Выбери любимый жанр

Пещера - Алданов Марк Александрович - Страница 12


Изменить размер шрифта:

12

Он испытывал неопределенное беспокойство, происходившее главным образом оттого, что говорить приходилось сидя в кресле, медленно и ровно. Он думал, что его статьи читает вся Франция и уж во всяком случае весь рабочий класс. На самом деле рабочие не заглядывали в его передовые, да и газету покупали мало, предпочитая «Petit Parisien». Но все политические деятели Франции, все редакторы политических газет, действительно, читали Серизье. Его репутация публициста отставала от ораторской славы, и писал он, собственно, не статьи, а те речи, которые не удавалось произнести. Две-три передовые в месяц надо было уделять общим вопросам социализма: это поднимало дух и умственный уровень читателей. Серизье советовал старому миру ухватиться за идею президента Вильсона: Лига Наций еще могла отсрочить гибель старого мира.

«…Се grand bourgeois represents non seulement le meilleur d’une classe condamnee par l’histoire… Un point… il est aussi l’expression vivante de sa detresse… Virgule… de l’angoisse pro-fonde qui etreint la bourgeoisie mondiale devant le spectre qui se dresse a l’Orient… Un point… La noble revoke du peuple russe… Virgule… avec les erreurs que ses grands chefs ont com-mises et que nous sommes les premiers a reconnaitre… Virgule… erreurs si excusables toutefois apres de longs siecles de barbarie tsariste… Tsariste, Mademoiselle, „T“ comme „travailleurs“, „S“ comme „soleil“. Oui, c’est ca… Virgule… la grand revolution russe donne une terrible et magnifique lecon… Entre parentheses: la derniere peut etre… Fermez la parenthese… au vieux mond accule au pied du mur».

[35]

V

Перед огромной гостиницей, отведенной британской делегации, по обыкновению стояла вереница частных автомобилей. Клервилль никогда не мог пройти мимо нее равнодушно, — как библиофилы не могут пройти мимо витрины книжного магазина. Он говорил, что знает больше ста автомобильных марок и на ходу безошибочно распознавал любую машину. Это приводило Мусю в восторженный ужас.

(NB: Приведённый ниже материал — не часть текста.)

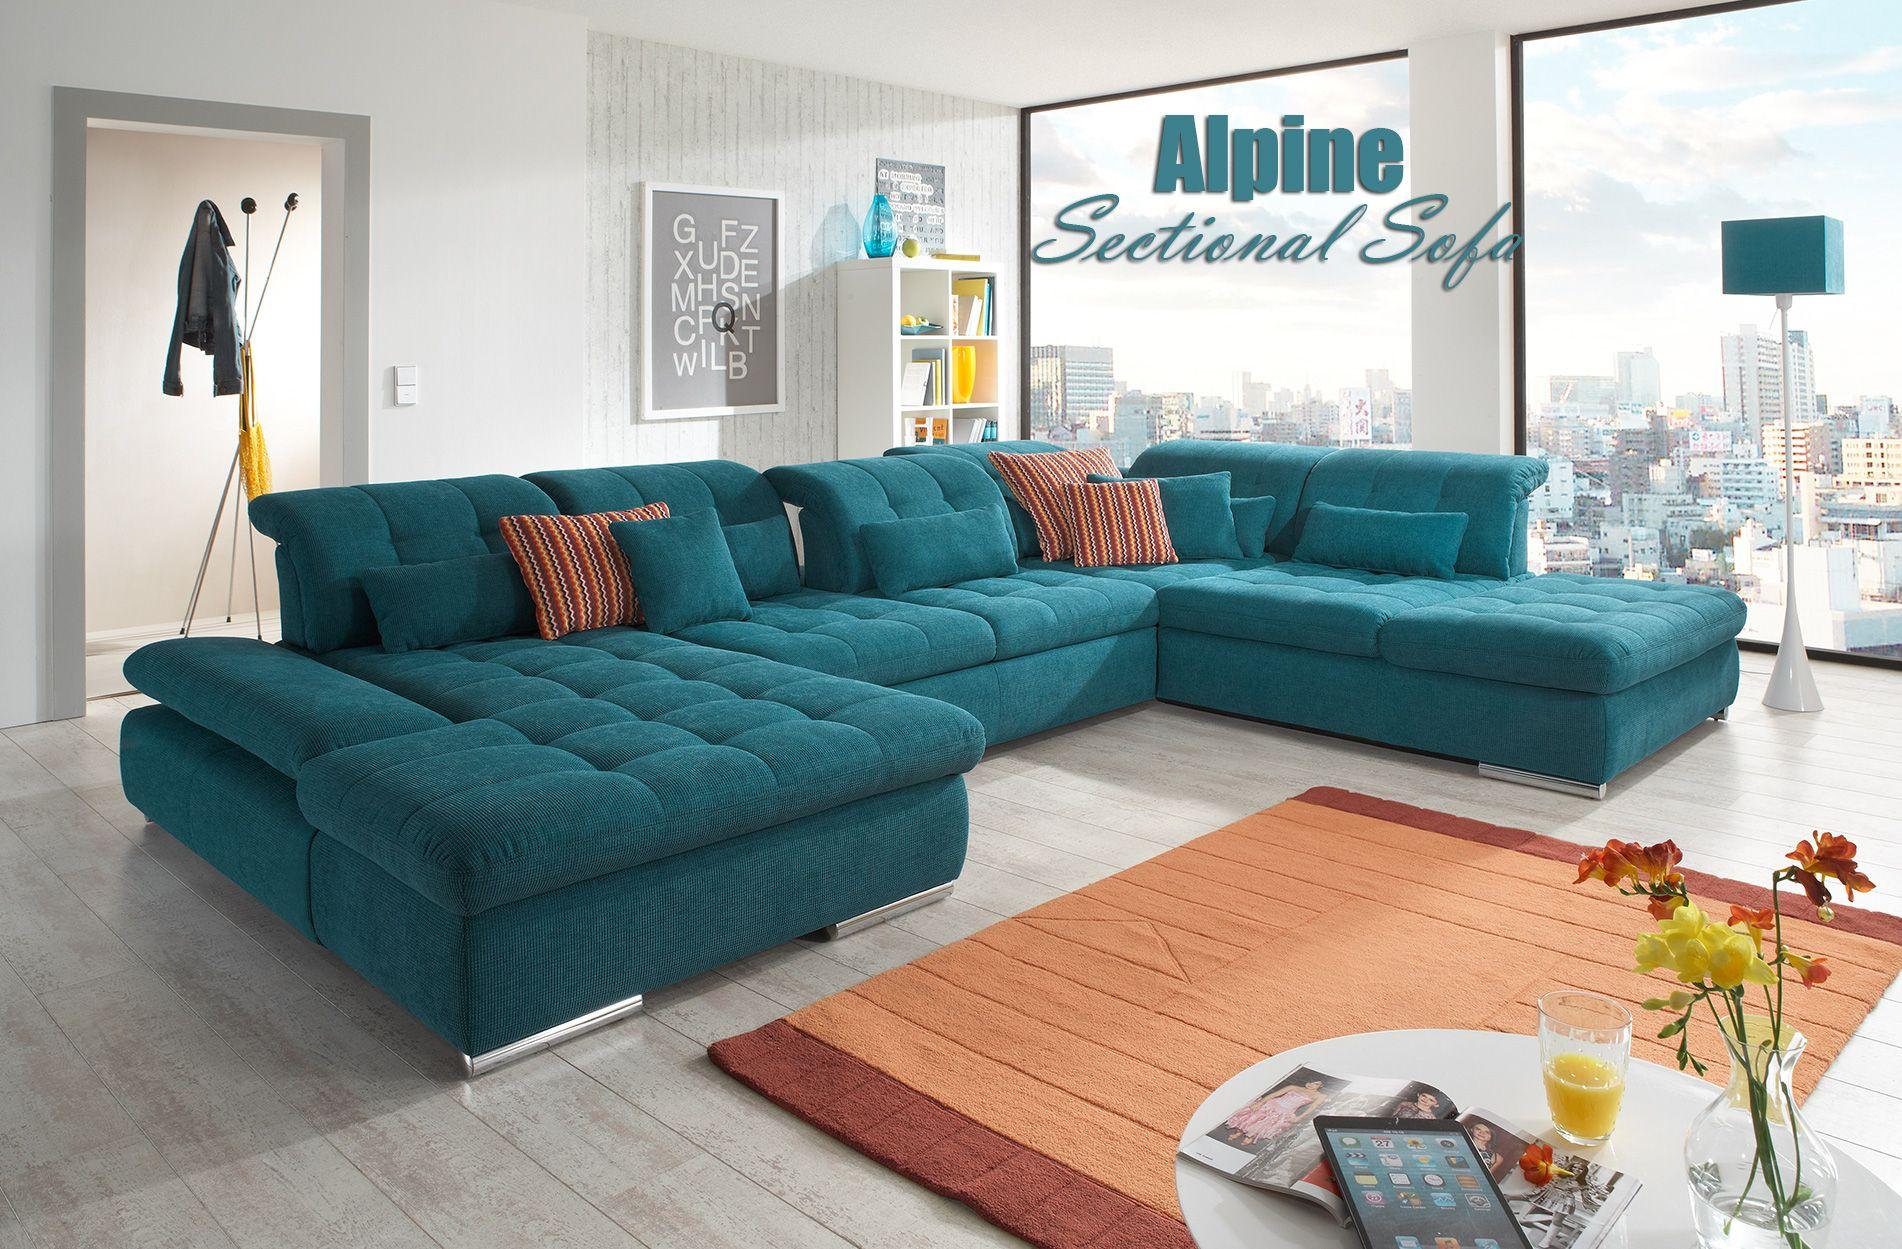 Alpine Sectional Sofa Sleeper With Storage Modern Sofa Sectional
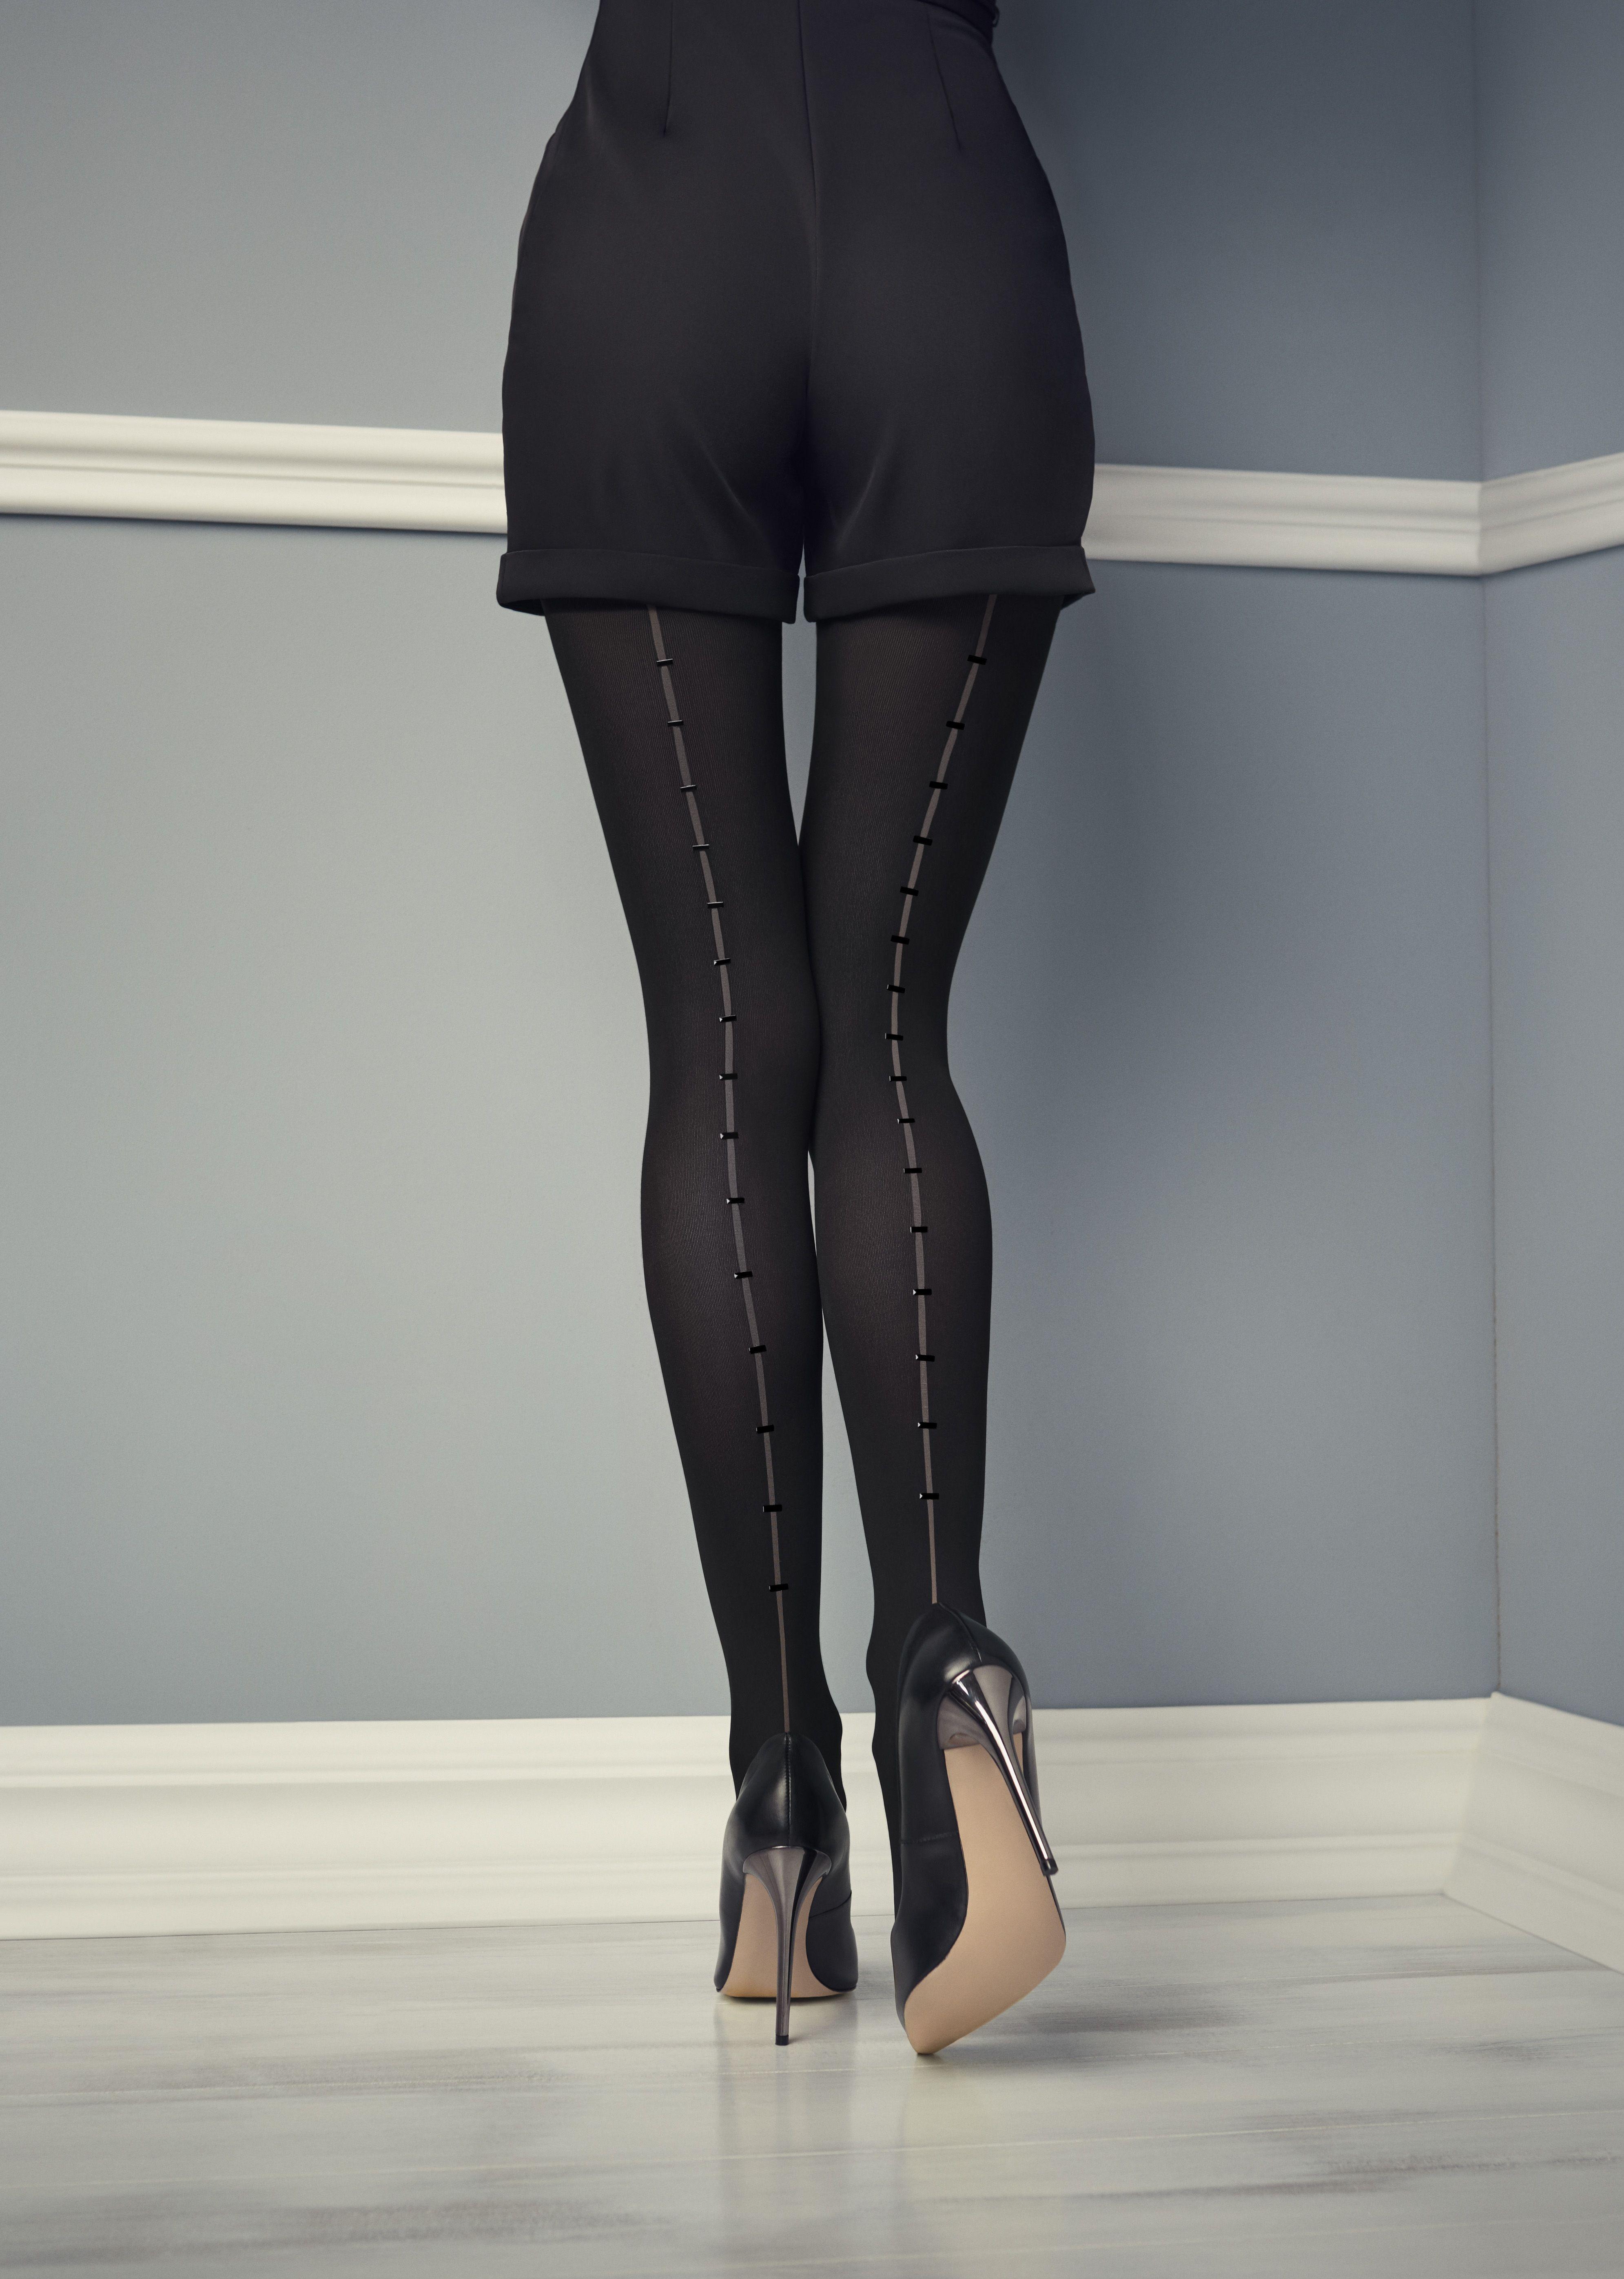 Black Retro style without elastic pure nylon fun slim flash stockings 0911

Сама она, несмотря на объяснения мужа, узнавала только автомобили Рено, — «и то больше по восточному носу». Муся направилась было ко второму, меньшему зданию, где был их номер, и вдруг заметила, что первым в веренице стоит автомобиль Ллойд-Джорджа. Эту великолепную машину она отличала по наружности шофера, и еще потому, что вблизи автомобиля обычно гуляли сыщики, — «люди из „Скотлэнд-Ярда“, — говорила Муся с тем же восторженным ужасом: слово „Скотлэнд-Ярд“ вызывало у нее в памяти какой-то старый английский роман, которым в переводе увлекался когда-то Григорий Иванович Никонов. Но заглавие этого романа она так и не могла вспомнить, что отравляло ей жизнь (Муся сама себя ругала за это дурой). „Значит, он здесь!.. Верно, сегодня танцуют… Ах ты, Господи!“ — сокрушенно подумала Муся. Надо же было, чтобы именно в этот день она возвращалась домой одна, без мужа.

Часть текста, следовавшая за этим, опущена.